Selon Annik Bélanger-Krams, la concentration des mandats peut être problématique, alors que le régime actuel est efficace et atteint son objectif de protéger les clients. L’encadrement actuel fonctionne bien. « Le regroupement de la responsabilité d’encadrement à l’intérieur d’un seul organisme pourrait conduire à l’affaiblissement de l’encadrement des représentants au profit de l’encadrement des cabinets », dit-elle.
« C’est primordial que les représentants continuent d’être encadrés par un régime professionnel de responsabilité individuelle, continue d’avoir les mêmes obligations déontologiques. L’encadrement des cabinets fonctionne en complémentarité à l’encadrement des représentants. En amputer une partie représente un recul inacceptable. »
Moins d’obligations pour le représentant?
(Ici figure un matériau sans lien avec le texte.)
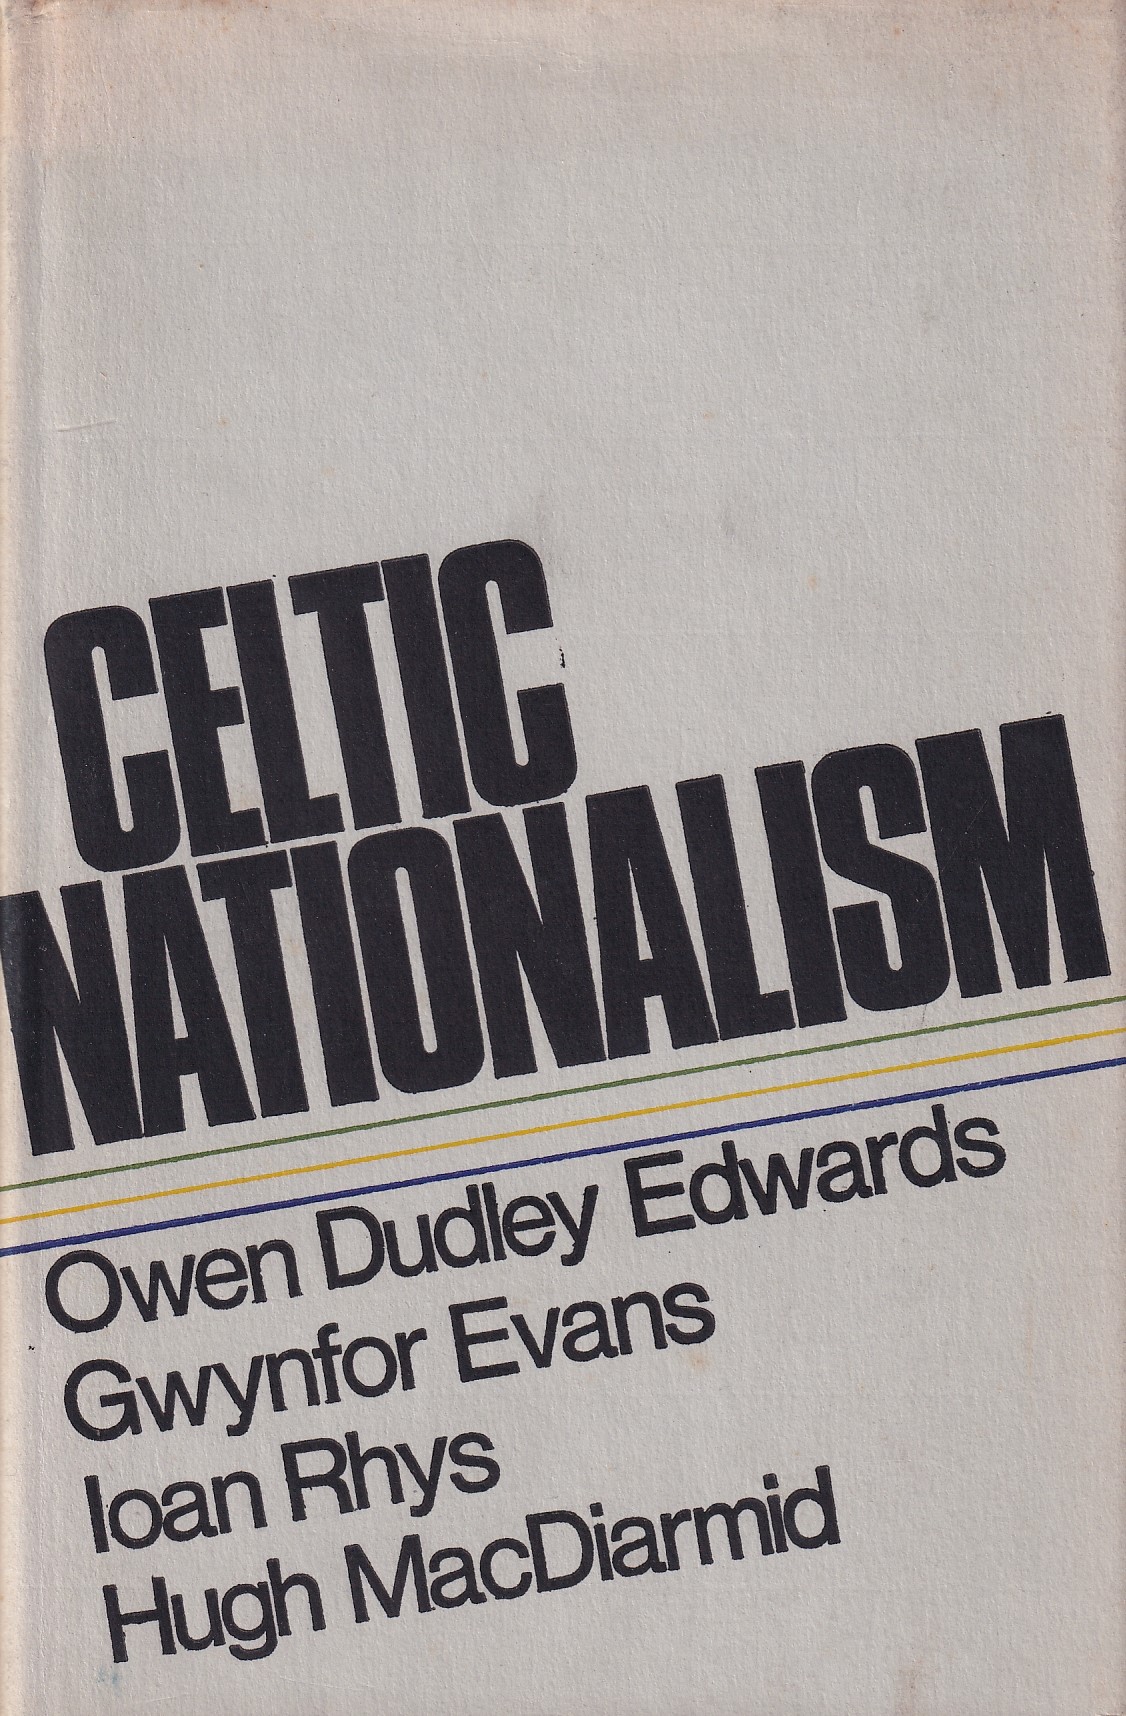 Celtic Nationalism | Owen Dudley Edwards, Gwynfor Evans, Iaon Rhys & Hugh MacDiarmid | Charlie Byrne's

Même si un client continue de faire affaire avec un représentant certifié, ce client traitera-t-il avec un représentant ayant des obligations aussi étendues? Options consommateurs exprime des craintes à cet égard.
Le projet de loi élimine l’expression « il agit comme conseiller » prévue dans la Loi sur la distribution de produits et services financiers (LDPSF), selon Annik Bélanger-Krams : « Cela nous fait craindre la perte du devoir de conseil ainsi que de la professionnalisation des représentants, ce qui est extrêmement risqué. Est-ce que cela veut dire qu’éventuellement, les produits d’assurance pourraient être offerts par une personne qui n’est pas certifiée ? »
« En ce qui concerne la disparition de la notion de conseiller du projet de loi, ce n’est pas l’interprétation que nous en faisons », déclare Lyne Duhaime, dans un courriel, en réponse au communiqué de presse d’Option consommateurs.
Par ailleurs, Options consommateurs s’inquiète de la modification de l’article 27 de la LDPSF, prévue dans le projet de loi 141, qui viendrait éliminer l’obligation de présenter au consommateur les produits et services financiers qui lui conviennent le mieux.
« Cette obligation est remplacée par celle de lui présenter des produits et de lui donner des conseils. En lisant cela, il semble que le représentant n’a plus l’obligation de présenter au client les produits qui lui conviennent le mieux, mais tout simplement de lui conseiller des produits en fonction de ses besoins. C’est un recul qui est grand et inacceptable », soutient Annik Bélanger-Krams.
Sur une note plus positive, Options consommateurs se réjouit que le projet de loi accroit les responsabilités des assureurs à l’égard des distributeurs d’assurance et qu’il améliore la couverture du Fonds d’indemnisation des services financiers pour les clients.